I’m TV writer Brian D. Bradley, and this is my newsletter where I will write about TV writing, the shitshow that is showbiz, and other related musings—or at least that’s the idea.
I’m writing this on December 31, a day when many lightly used journals and notebooks get dusted off so their pages can be filled with hopeful resolutions for the new year. I did it myself just this morning. I imagine many of you probably scrawled something along the lines of “Finish script.” And maybe you wrote it nice and dark, REALLY pushing that pen into the paper to mask the lingering doubts you have about completing that goal. I may have done that too.
As I was planning this newsletter, I made myself write down 20 possible post topics to see if I actually had anything to offer. They had titles ranging from “Is My Idea a Show?” to “Holy Shit! Someone Else Just Sold My Show!” to “Welcome Post,” which you are currently reading.
But for my first entry to The Punch Up on this final day of 2024, I thought I might tell you a little story about tidying up.
I was around nine when I figured out I couldn’t draw. I’d been a committed doodler for the entirety of my short life, specializing in spaceships, roller coaster designs, and, most keenly, superheroes. It was the heroes that did me in.

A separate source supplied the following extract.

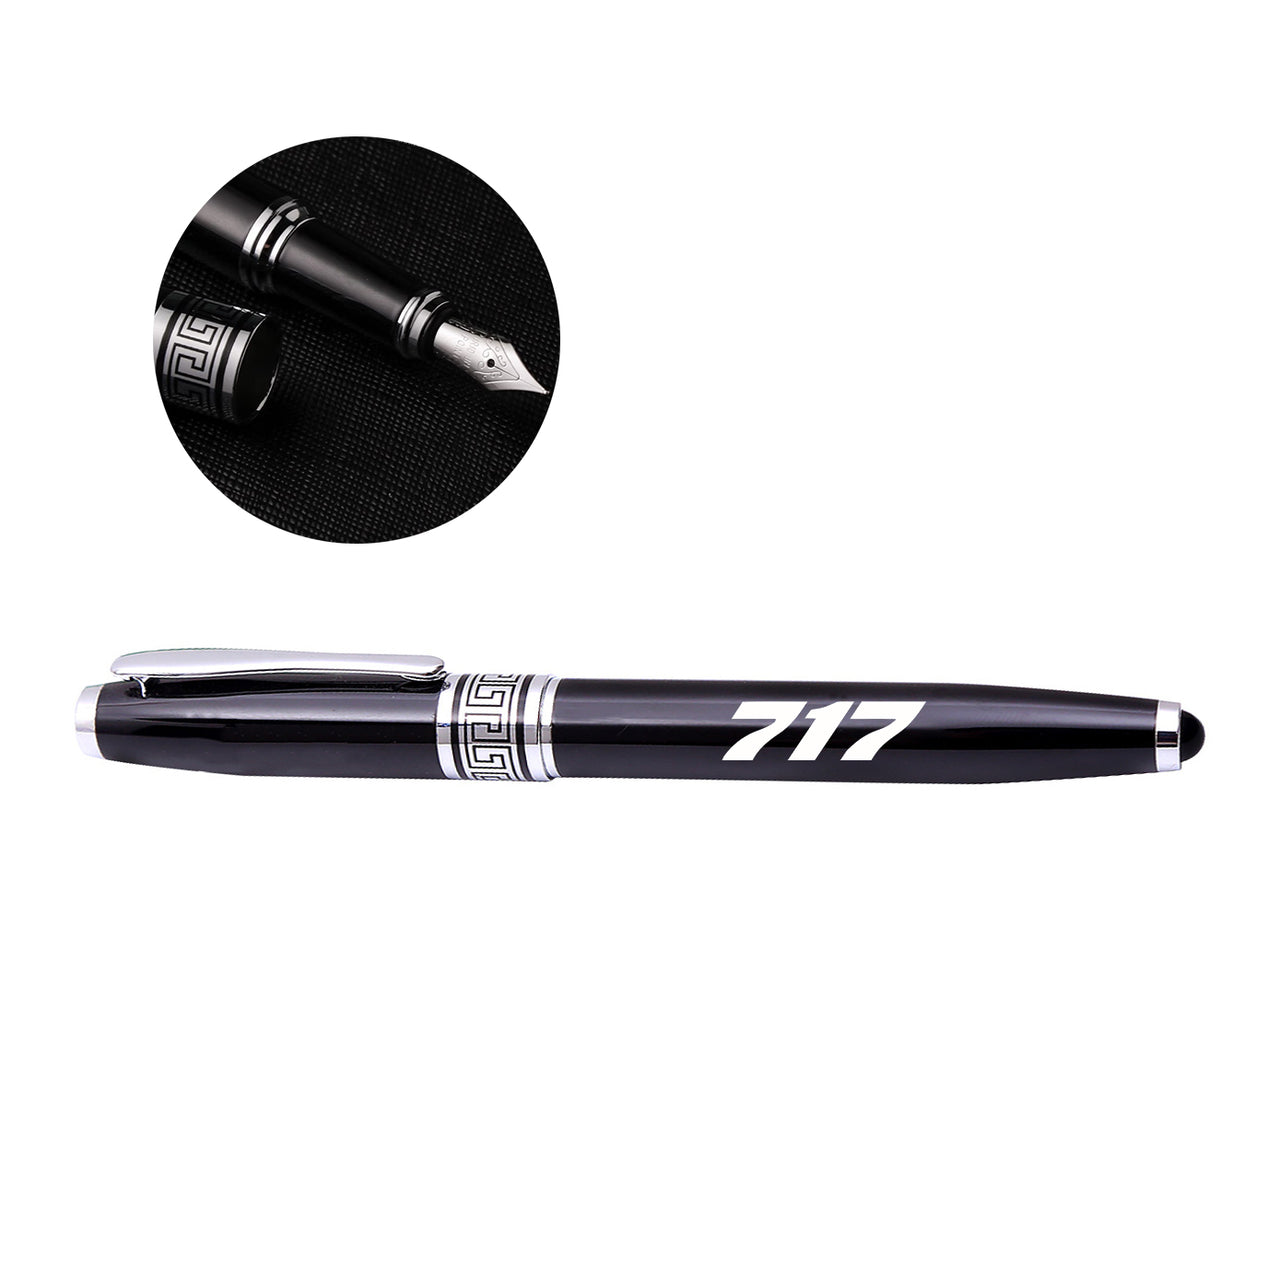 717 Flat Text Designed Pens

I loved comic books and animation (formerly known as “cartoons”). The more superheroic, the better. If a character wore spandex and could shoot bolts of energy from their hands, that was my shit. And if they were part of a team that flew around on a high-tech jet, even better. I was 100% certain I would be an illustrator when I grew up, so I busied myself creating a catalog of heroes with names like Flamestar, Nightfire, and The Inferno (my early stuff was heavily fire-based). I filled spiral notebooks, legal pads, and reams of continuous dot-matrix printer paper with my ideas. The only problem was, my drawings sucked. Even worse, I had proof—my own two eyes.

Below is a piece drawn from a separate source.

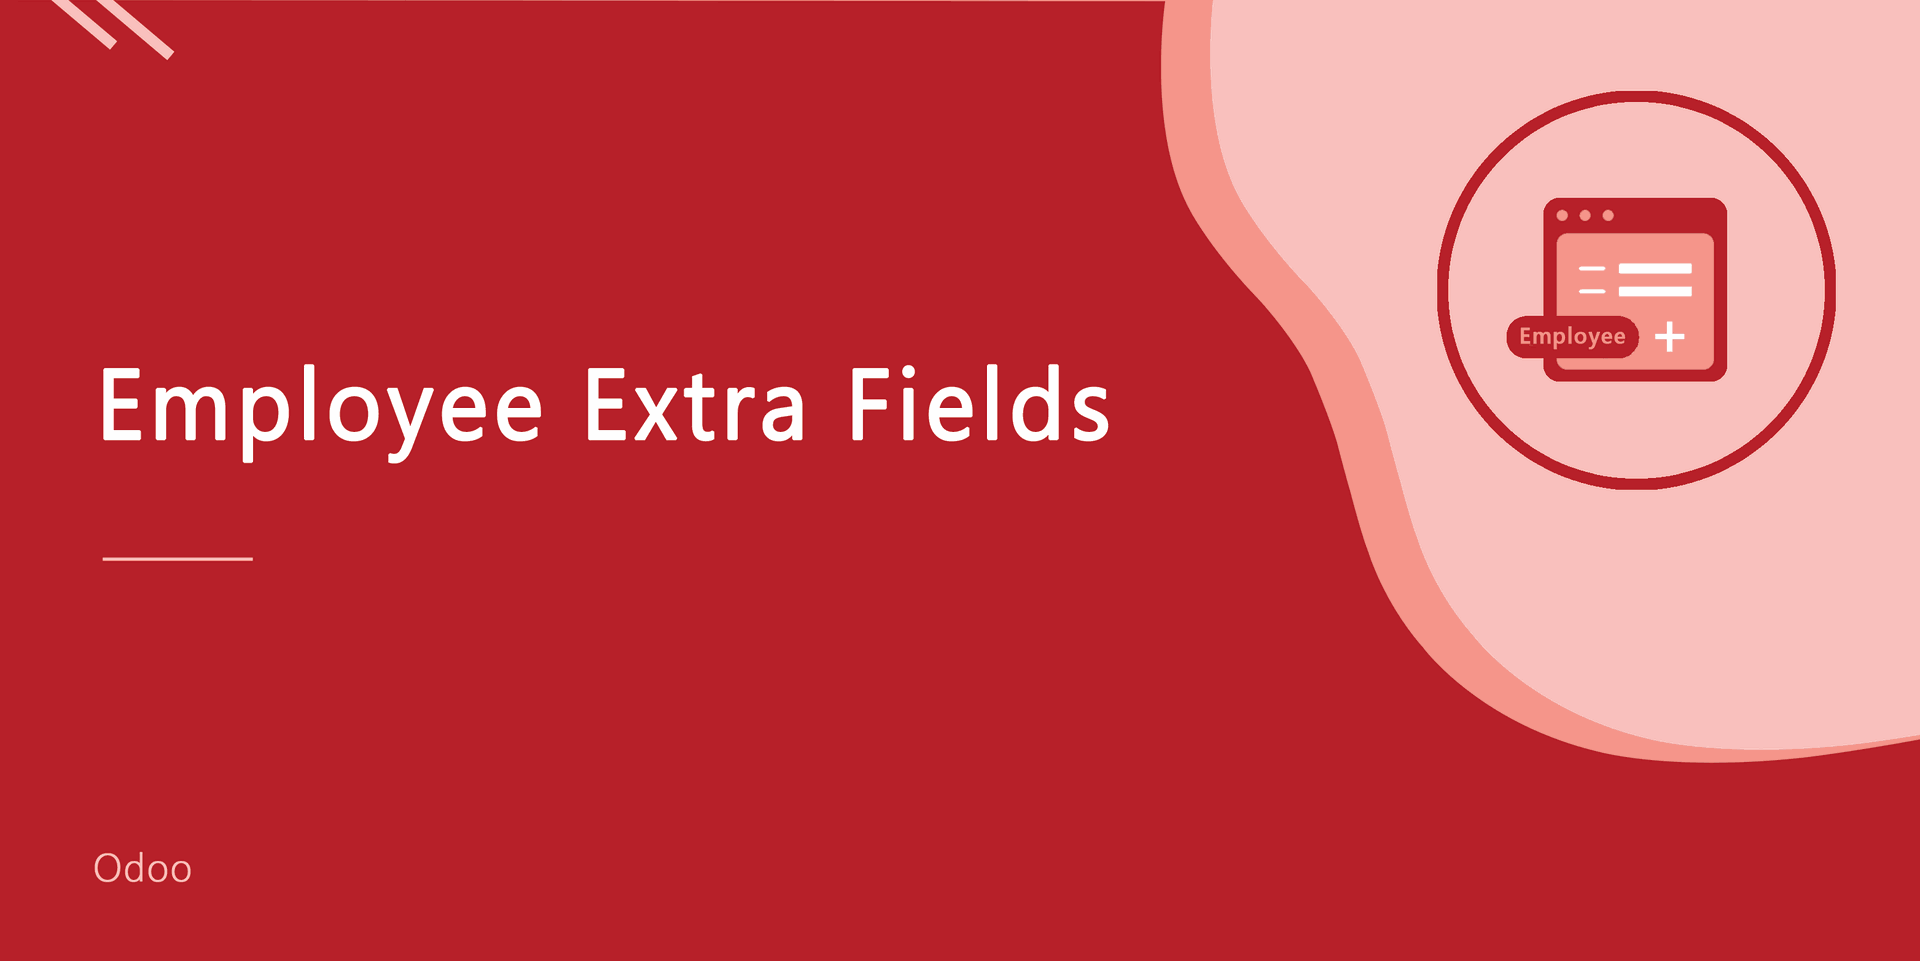 Employee Extra Fields

There was an older kid in our neighborhood named Mike who also liked to draw. Mostly badass metal stuff like rotting skeletal astronauts sitting in the cockpits of crashed spaceships and hot girls on dragons. Compared to my drawings, his work leaped off the page. Even adjusting for the age difference, it was clear that my badly proportioned, malformed, unshaded abominations weren’t going to fast-track me to an incredible life as an illustrator. This was my first career crisis. It would not be my last.
But lucky for me, a kid’s brain is more malleable than the grown-up version. Faced with this artistic setback, I simply pivoted. My characters were alive in my head. I knew their origin stories, powers, and weaknesses. I knew who they loved and the nemeses who stood against them. If I couldn’t draw them into existence, I could describe them. Soon that printer paper was filled with words instead of drawings. Long stories of good guys fighting bad guys and saving towns, cities, and entire worlds. And though it would be many years before I’d feel comfortable calling myself a writer, I had, nevertheless, just become one.

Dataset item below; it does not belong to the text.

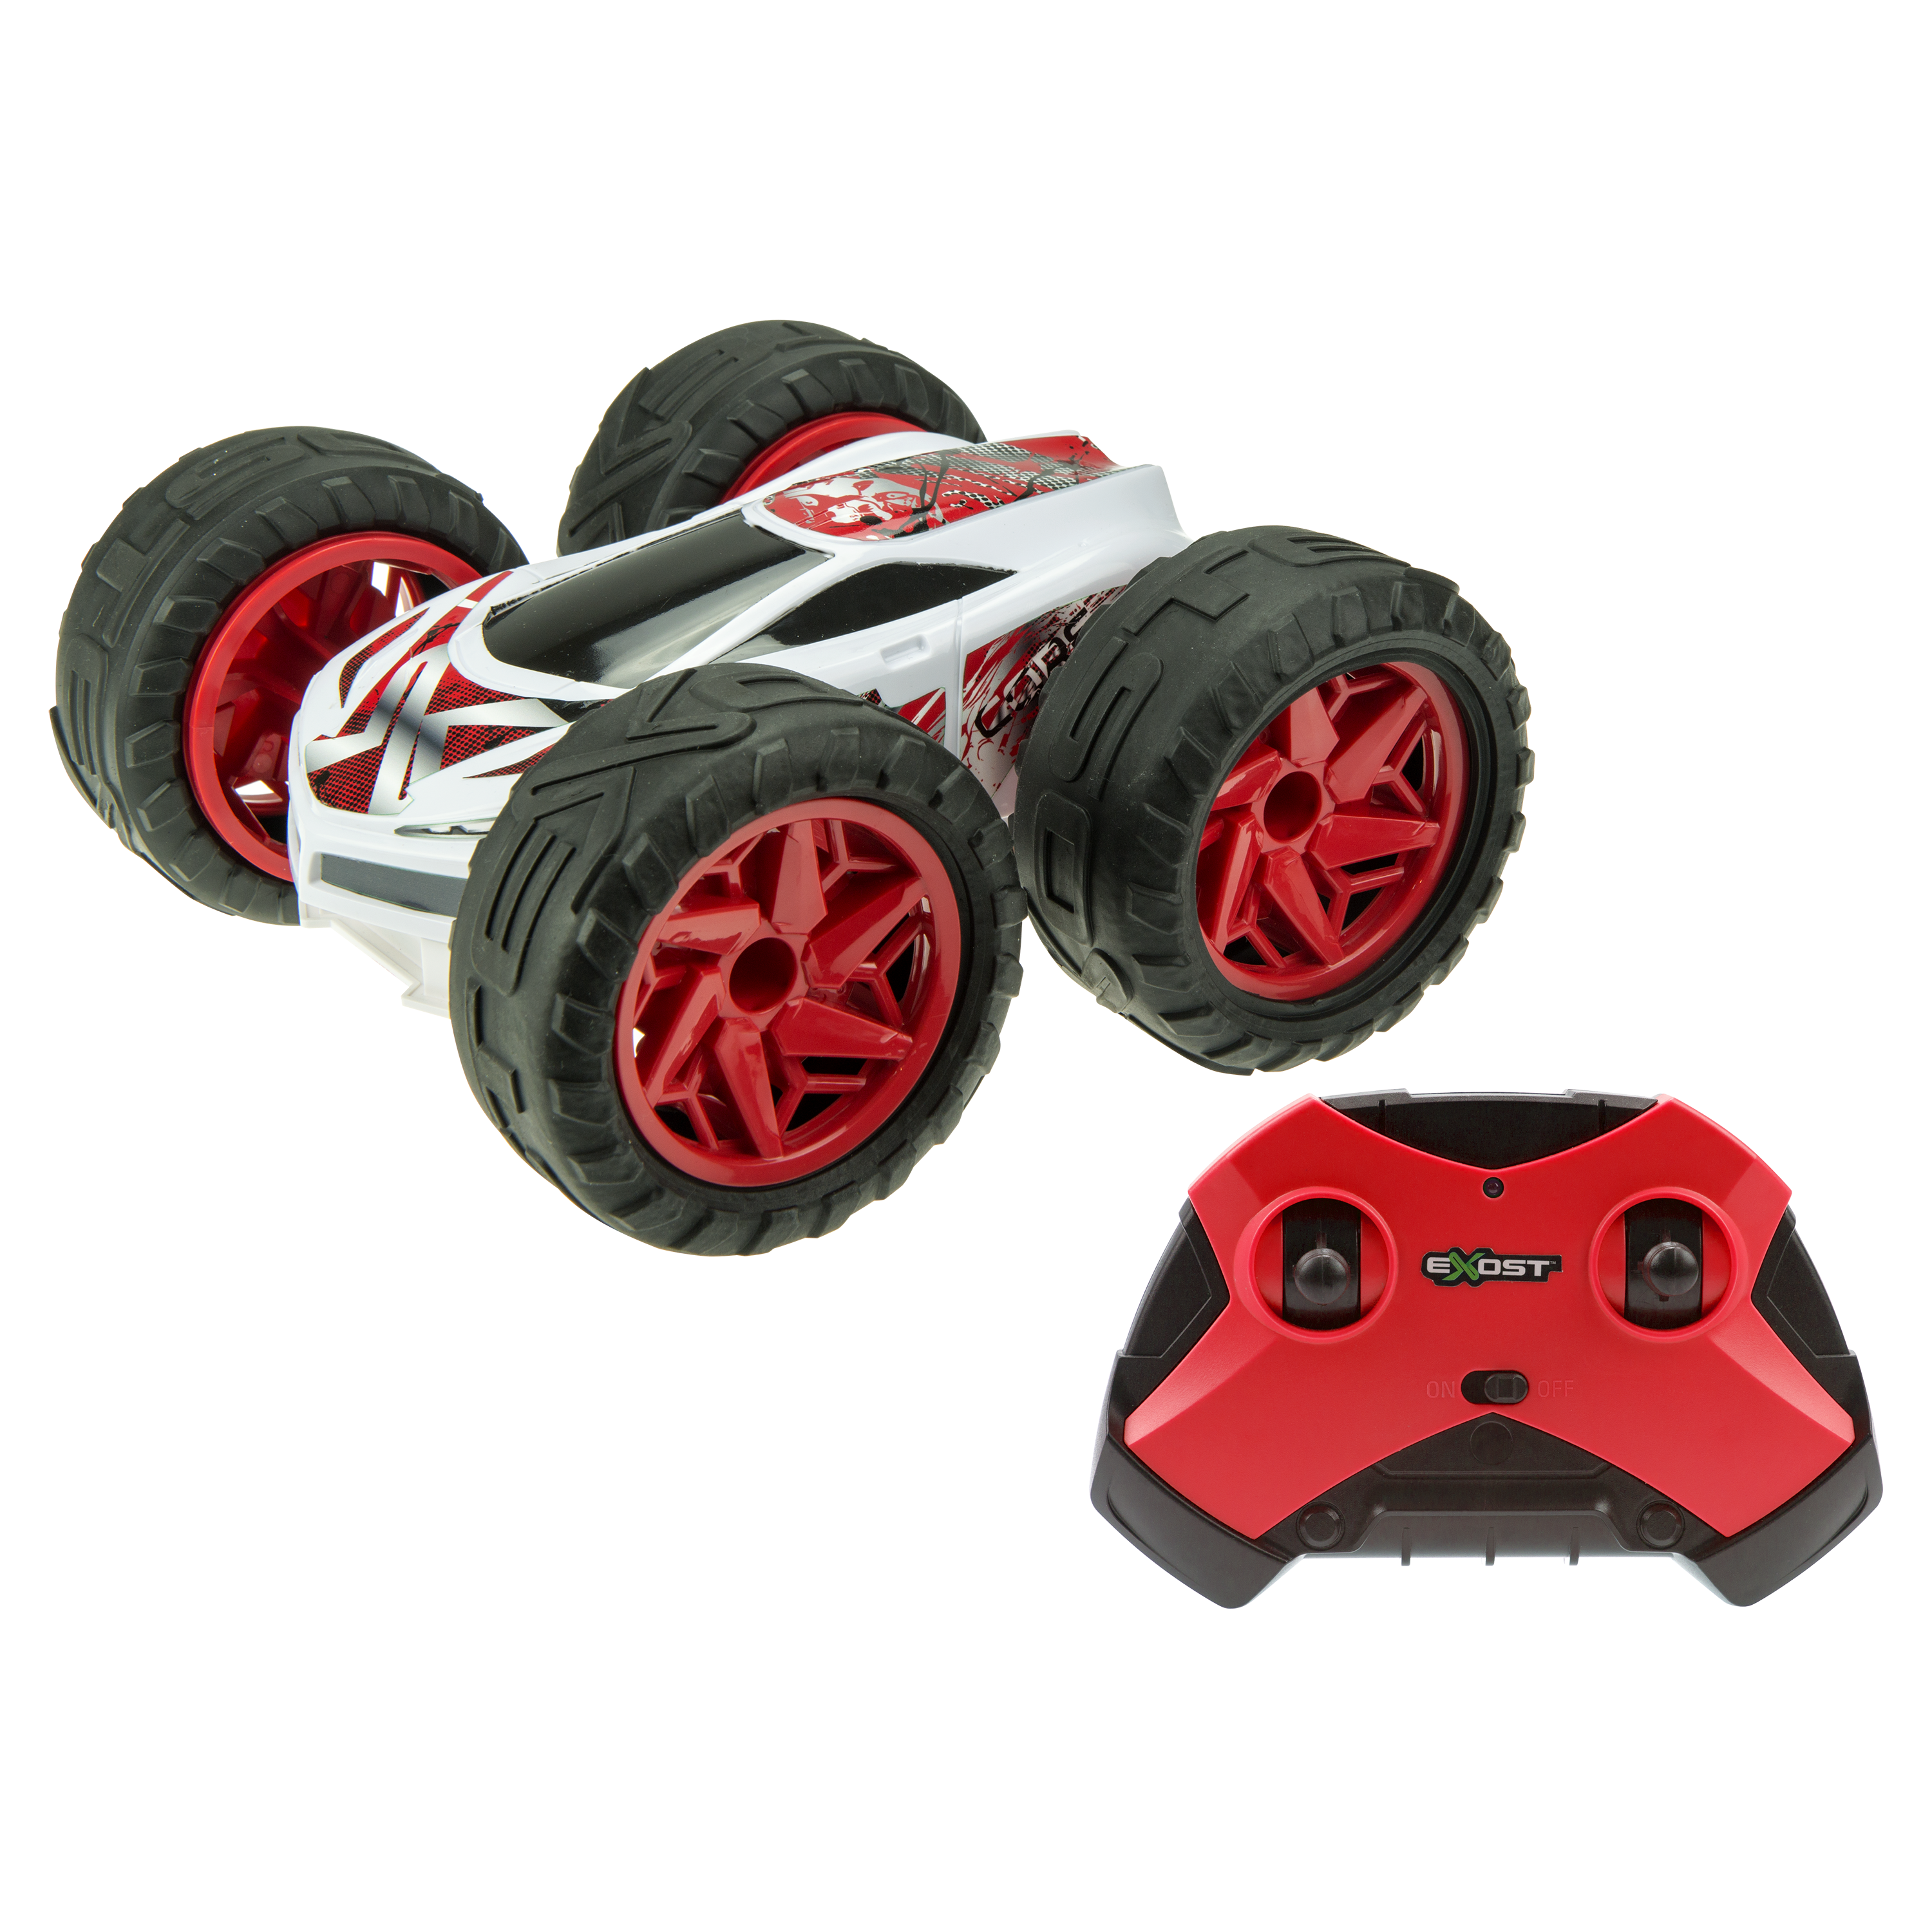 EXOST Gyrotex Auto balance RC CAR by Silverlit Toys

I’ve thought of that story a lot over the years—about how simple it was to just begin. There was no fear of failure. My ideas were mine. And because they were mine, they were perfect. I didn’t live in a house where creativity was encouraged, but that was okay because my urge to create was fuel enough. I didn’t ask for permission to write because none was required. All I needed was my imagination and a little time.
Now look, I get it. I was nine years old. All I had was time. And I’m not sure how good those stories were. I’m not exactly sitting on a pile of money from The Inferno franchise. But time-traveling back to that moment is still helpful to me. Because that was about as free as I’ve ever been. The pathway between my impulse to tell a story and actually writing that story was completely clear of doubt, fear, judgment, and all the other debris that blocks it up as we get older. It’s a reminder that keeping that pathway clear is essential. But it takes maintenance. Every once in a while, we need to take a broom (or a shovel… or a bulldozer) and move the junk out of the way.
As I continue The Punch Up my hope is not to inspire you—there are plenty of folks better suited to that task. Instead, I will do my best to demystify screenwriting and the business around it. To talk plainly about how to do the work and what to do with that work once it’s written. But here at the transition between years, I’ll give you just this one bit of advice: go back to your list of resolutions and cross out “Finish script” and replace it with, “Keep the pathway clear”. Resolve to maintain that connection between creativity and action and see if one doesn’t follow the other.
Happy New Year, and happy scribbling!